For stakeholders, this represents both a mandate and a defining inflexion point, whereby it will become common practice to harness AI’s transformative potential while preserving human oversight and judgment.

The role of insurers in fostering safe, scalable AI adoption

“With today’s fast-paced progress that comes with limited time to test and adapt, the biggest question is how to onboard AI while upholding quality and safety,” notes Sethsson. “That is where insurance plays a vital role.”

As AI adoption accelerates, insurance is evolving risk mitigation to become a strategic enabler of innovation, shaping how AI is deployed, trusted and scaled. In the aviation ecosystem, insurers can drive impact through:

  • Modelling transparency: By demanding explainable AI, insurers can incentivise algorithmic visibility and help align sectors with safety and security, ethical, and regulatory standards.

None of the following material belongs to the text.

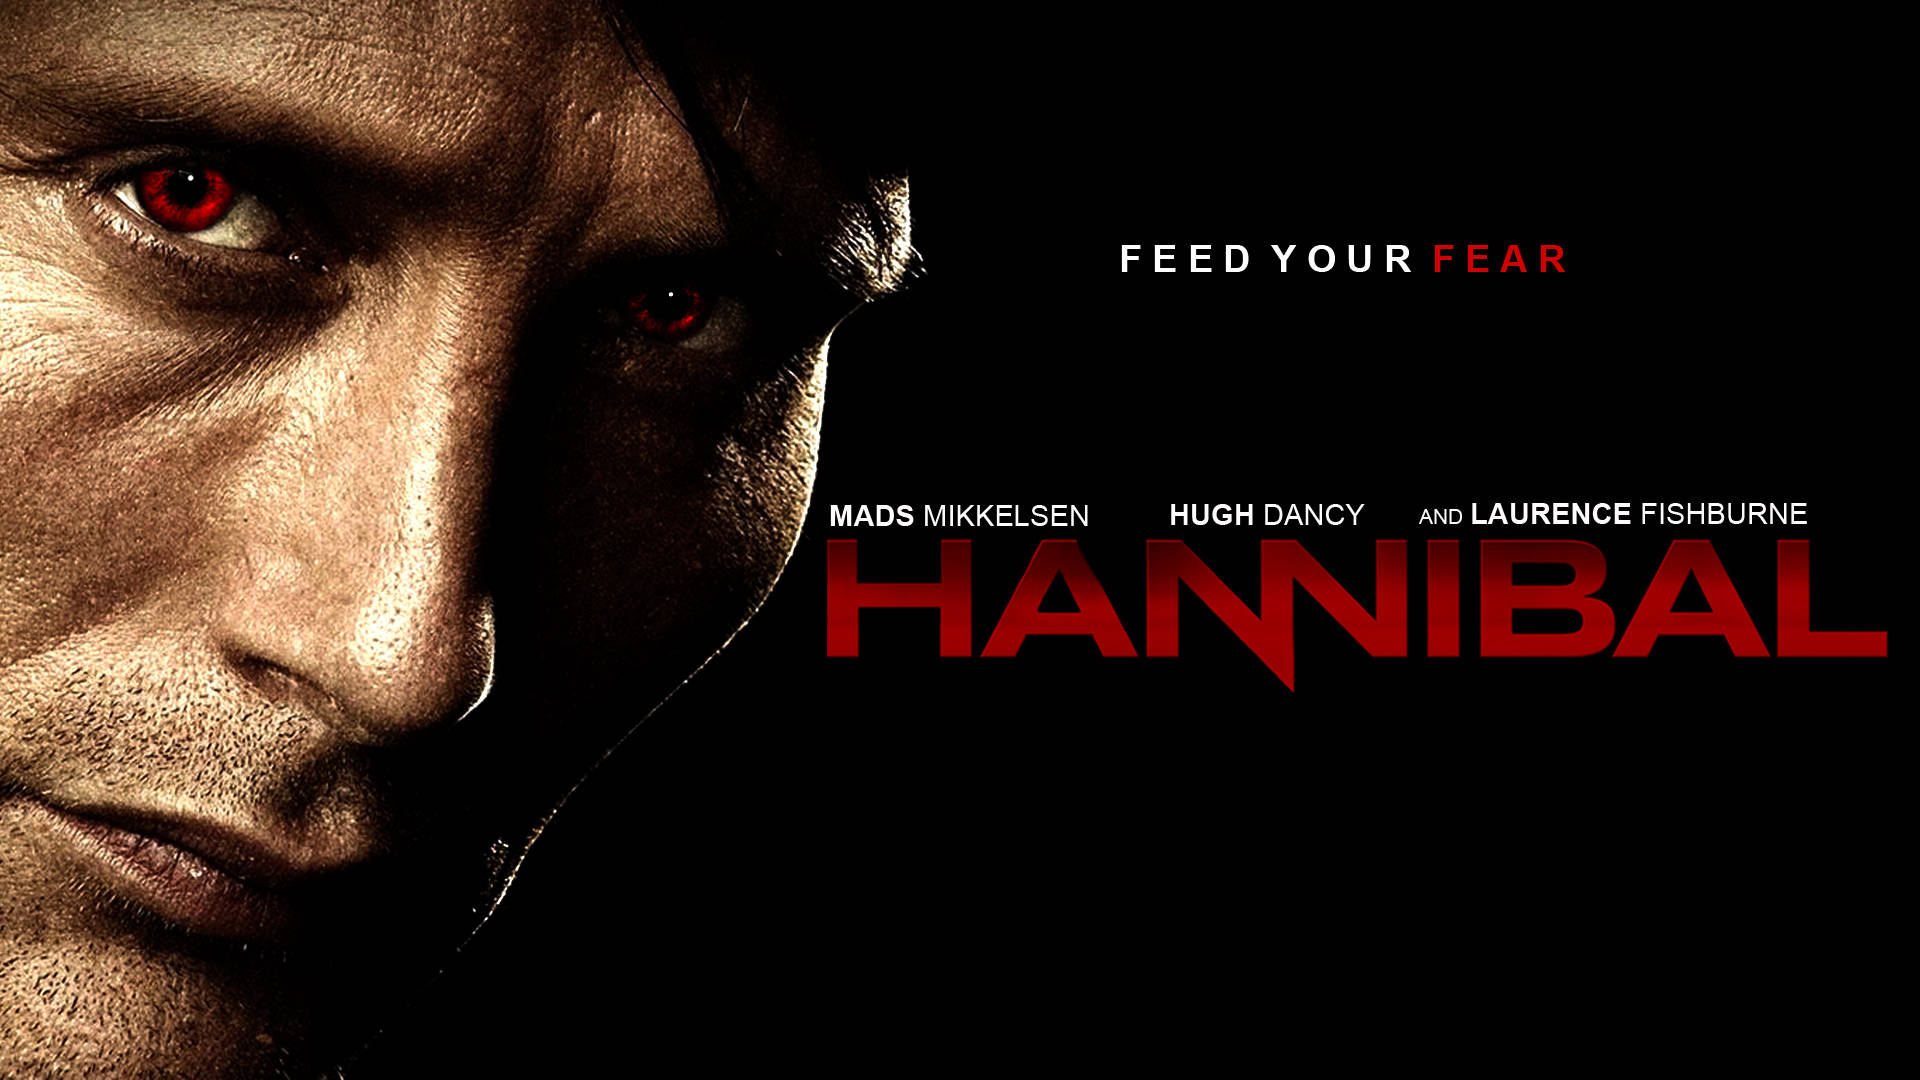 Hannibal Feed Your Fear

Insurers need to know how AI software is used, whether in critical or non-critical applications, its sources, data (objective or subjective), algorithms, mathematical modelling, SMS, and lessons learnt.
  • Scenario modelling for emerging risks: With traditional risk models falling short, insurers can collaborate with aviation stakeholders to simulate edge cases, such as AI misinterpretation of sensor data or predictive bias in maintenance prioritisation, and develop coverage frameworks that reflect these risks.
  • Enabling scalable adoption: Through tailored underwriting and performance-based coverage plans, insurers can support responsible deployment of AI at scale, protecting against algorithmic liability, autonomous system failures and even reputational risks tied to AI decisions.
  • Protecting against cyber and privacy risks: By offering cyber insurance solutions and incentivising robust data protection measures. As AI systems rely on vast amounts of data, insurers can help aviation stakeholders implement steps to protect sensitive information, ensure compliance with privacy regulations, and manage AI-driven cyber threats.
  • Incentivising the adoption of proactive safety measures: Such as the AI monitoring systems, which use facial tracking to scan for signs of pilot fatigue and provide real-time alerts. Similar to Driver Monitoring Systems (DMS) in automobiles, these systems have the capability to demonstrate the powerful role of AI in proactively mitigating accident risks.

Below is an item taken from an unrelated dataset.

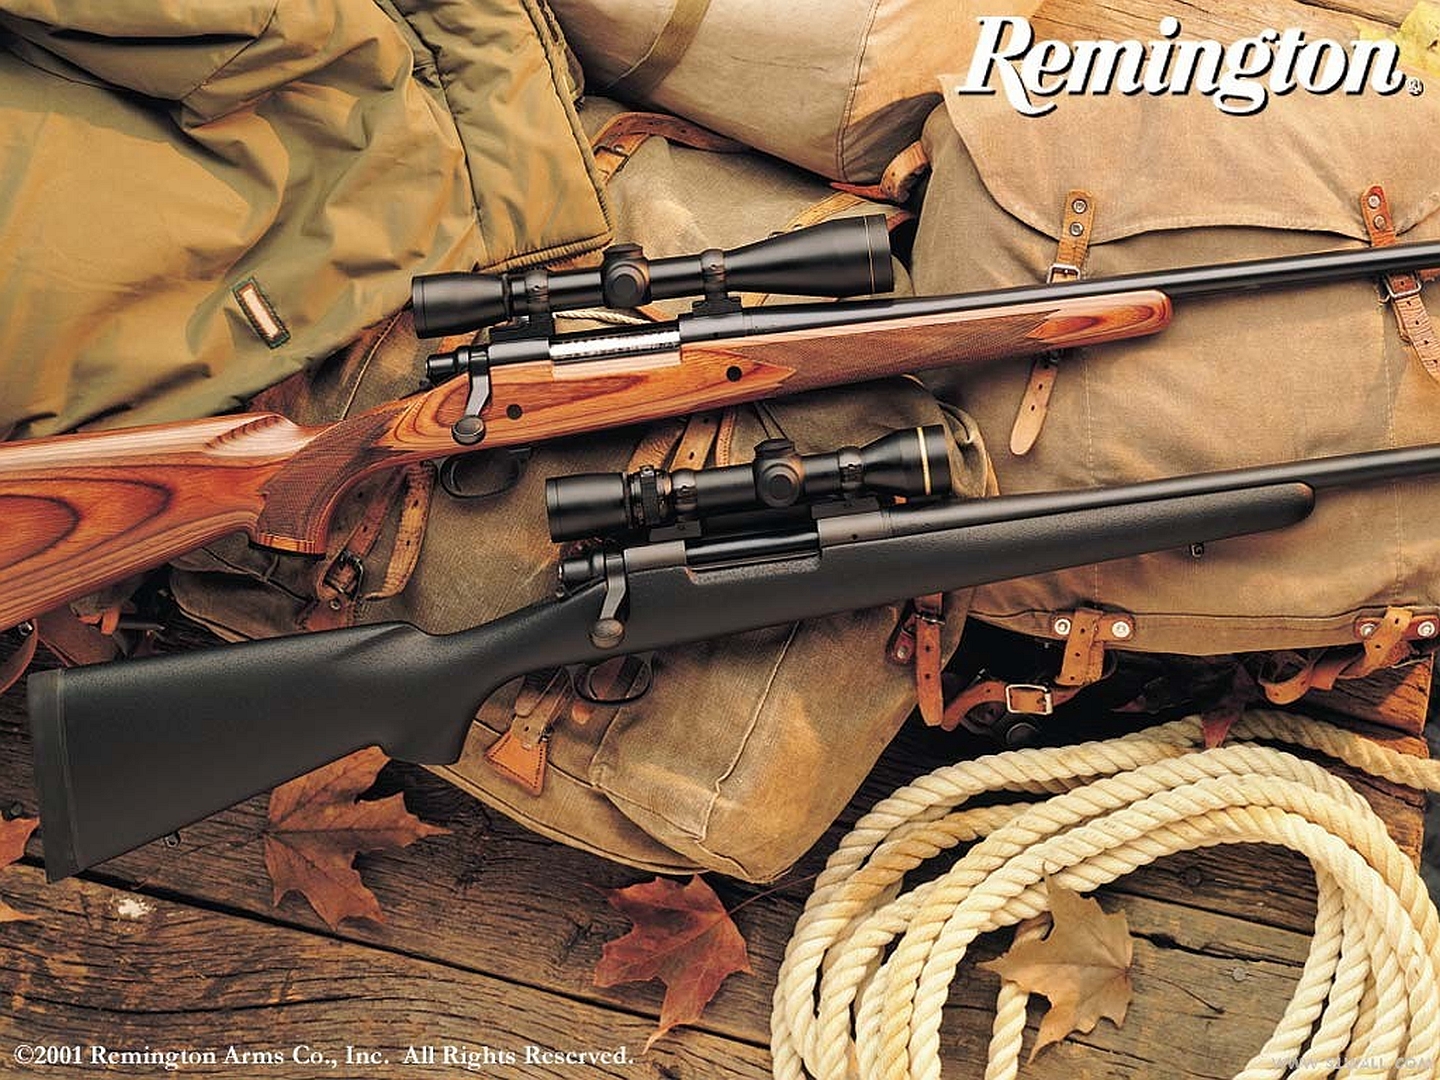 Baixar papel de parede para celular de Armas, Rifle Remington gratuito.

Effective human-AI teaming requires clear communication, shared situational awareness and a well-defined allocation of tasks. Without these foundational elements, reluctance to adopt AI is likely to grow.

Aviation brokers can serve as a critical bridge between humans and AI adoption, helping clarify the technology’s implications and associated risks, notes Parnell. “This evolving landscape offers aviation brokers and insurers a strategic opportunity to harness AI-driven data insights, identifying emerging risks and exposures while guiding stakeholders through complex claims and shifting risk appetites. The result: greater confidence and readiness to adopt AI.”

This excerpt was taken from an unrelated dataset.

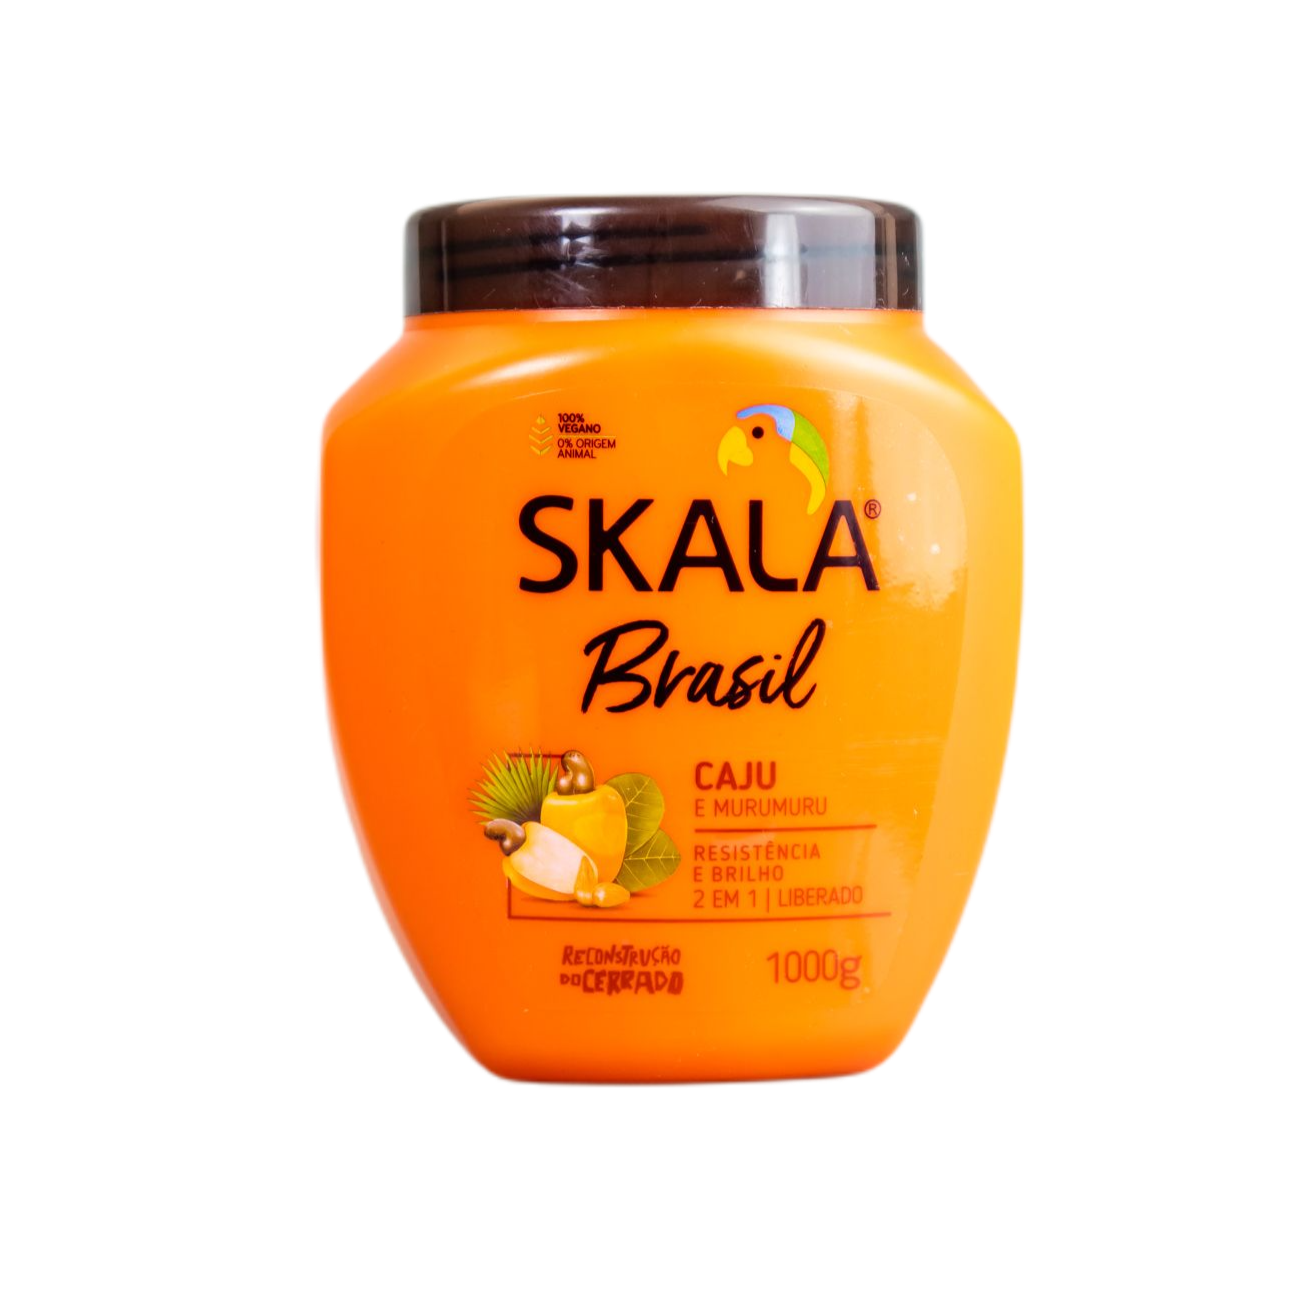 SKALA New Hair Treatment Cream 1000G Maracuja And Oleo De Pataua

Tech-enabled risk intelligence: The Gallagher Aeropulse advantage

Bespoke exposure analysis tools, such as Gallagher’s Aeropulse, enable brokers to bridge the gap between human hesitancy surrounding AI complexities and successful adoption. By delivering actionable insights, including incident reports and post-accident claims, Aeropulse strengthens risk assessment and enhances forecasting accuracy, empowering stakeholders to manage liability coverage with greater precision and clarity.

Evolving from operators to strategists

As AI transforms aviation, the industry is shifting from a stance of passive adoption to proactive collaboration, centred on transparency, agile learning and forward-looking risk models that anticipate tomorrow’s challenges. A tripartite commitment among stakeholders, regulators and insurers to shared safety metrics will be key to ensuring AI adoption in aviation remains safe, scalable and resilient.

“AI adoption in aviation requires deliberate human engagement,” concludes Parnell. “Flight crews and operators must embrace the technology with confidence. As manufacturers and regulators refine how AI systems are designed and interpreted, insurers have a pivotal role to play, evolving coverage models and supporting the AI-human synergy.”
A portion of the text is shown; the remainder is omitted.